*Work instructions*: What are the lines, copied exactly, from the one containing "Sway your worries away in the rope hammocks!" through the final line of the material? Leave the pictures out.

*Data provided*:
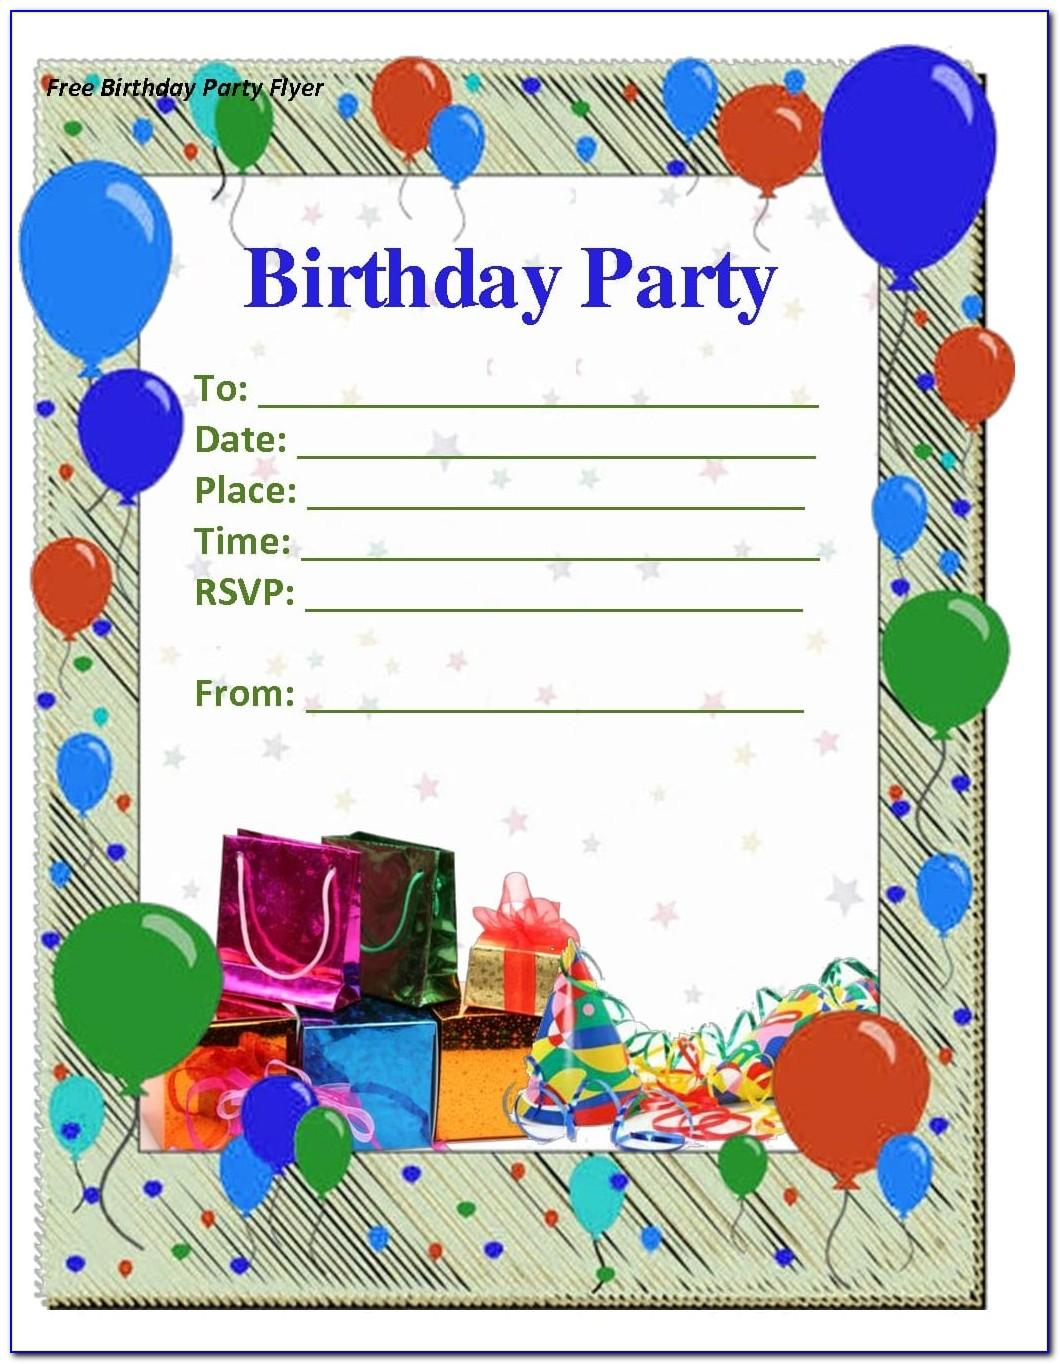 Birthday Invitation Card Background Download
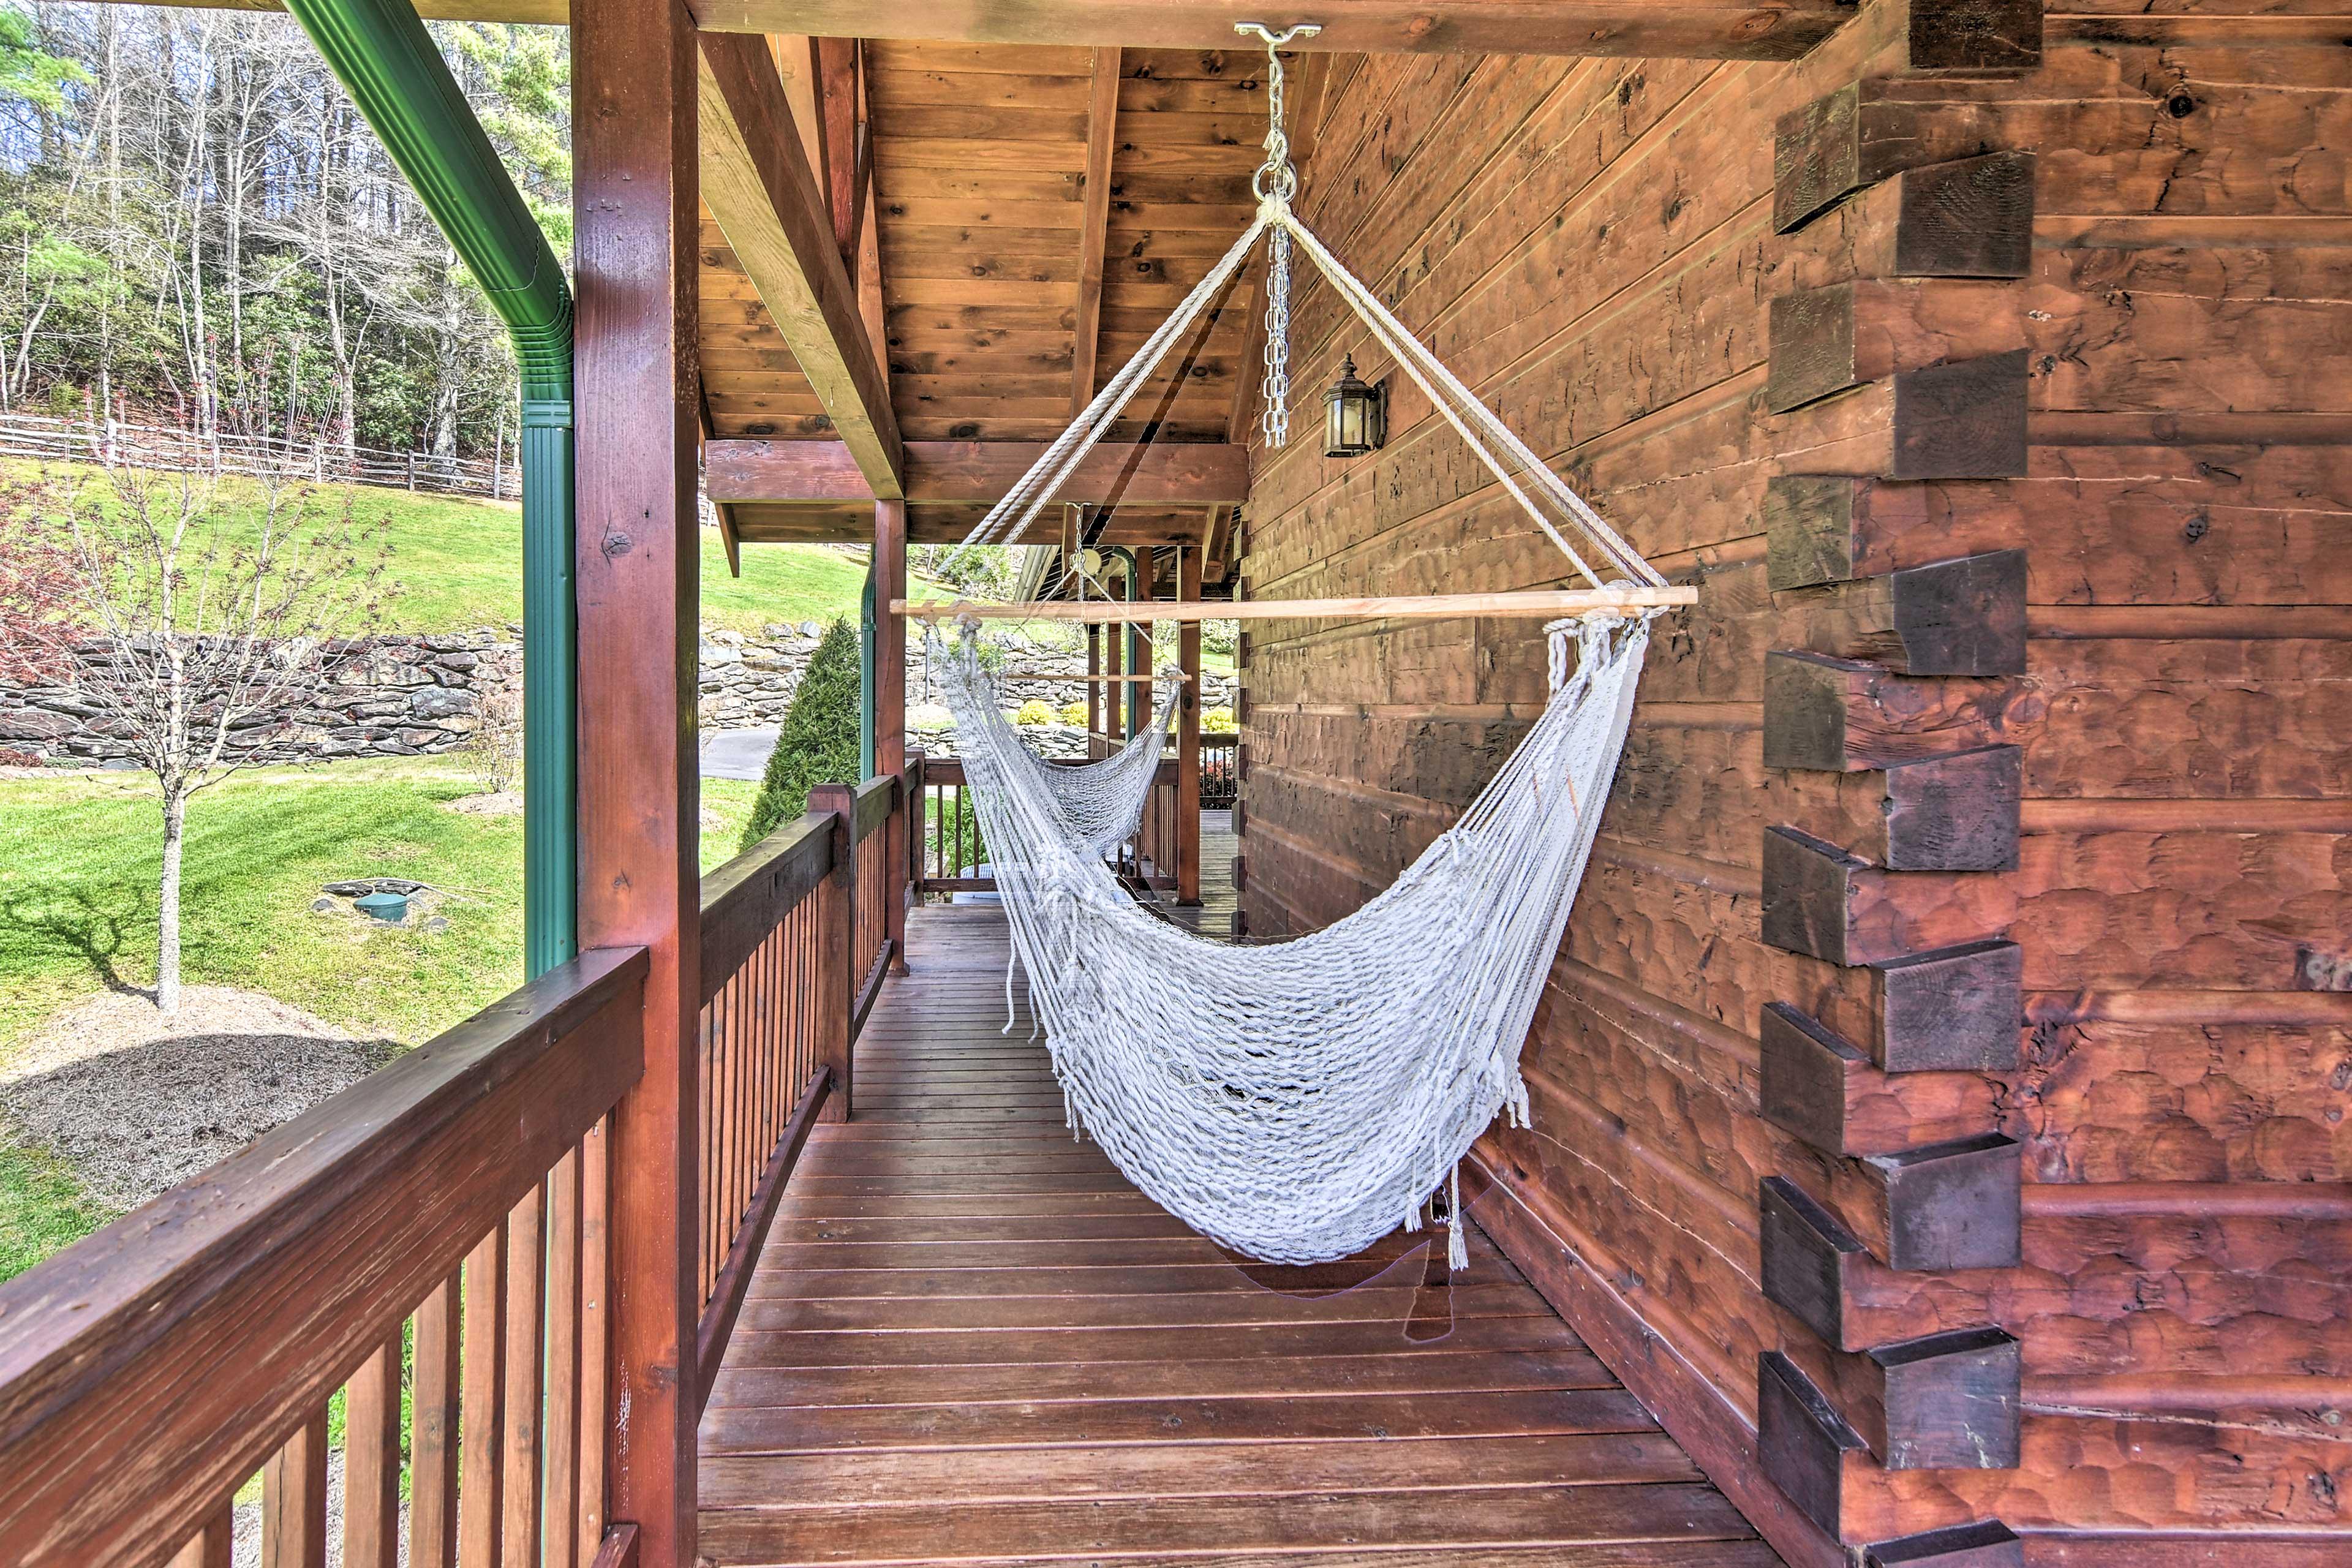 Sway your worries away in the rope hammocks!
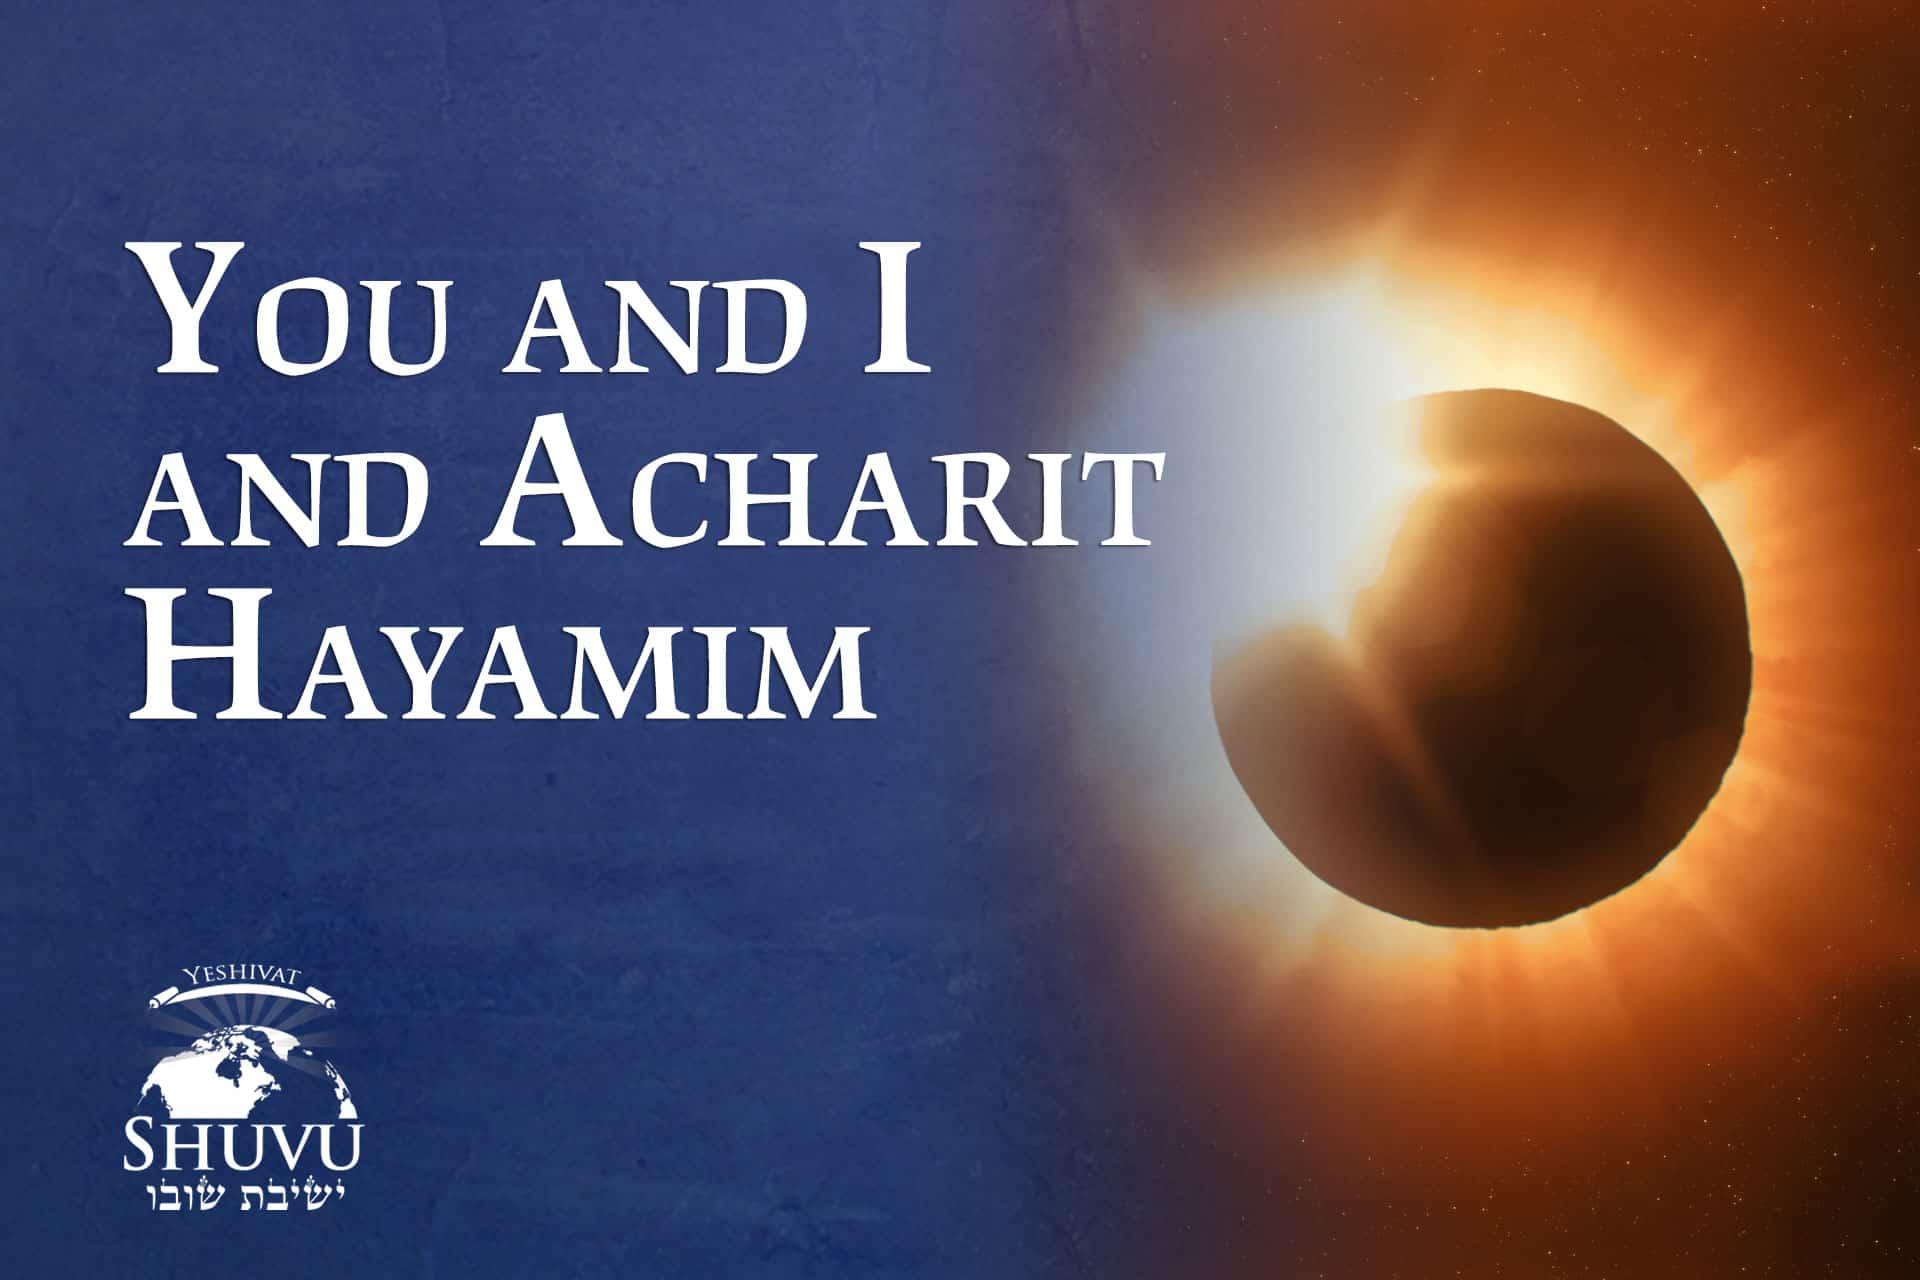 cover_yeshivat_shuvu_acharit_hayamim_ENG_alt

*Exercise answer*:
 Sway your worries away in the rope hammocks!
 cover_yeshivat_shuvu_acharit_hayamim_ENG_alt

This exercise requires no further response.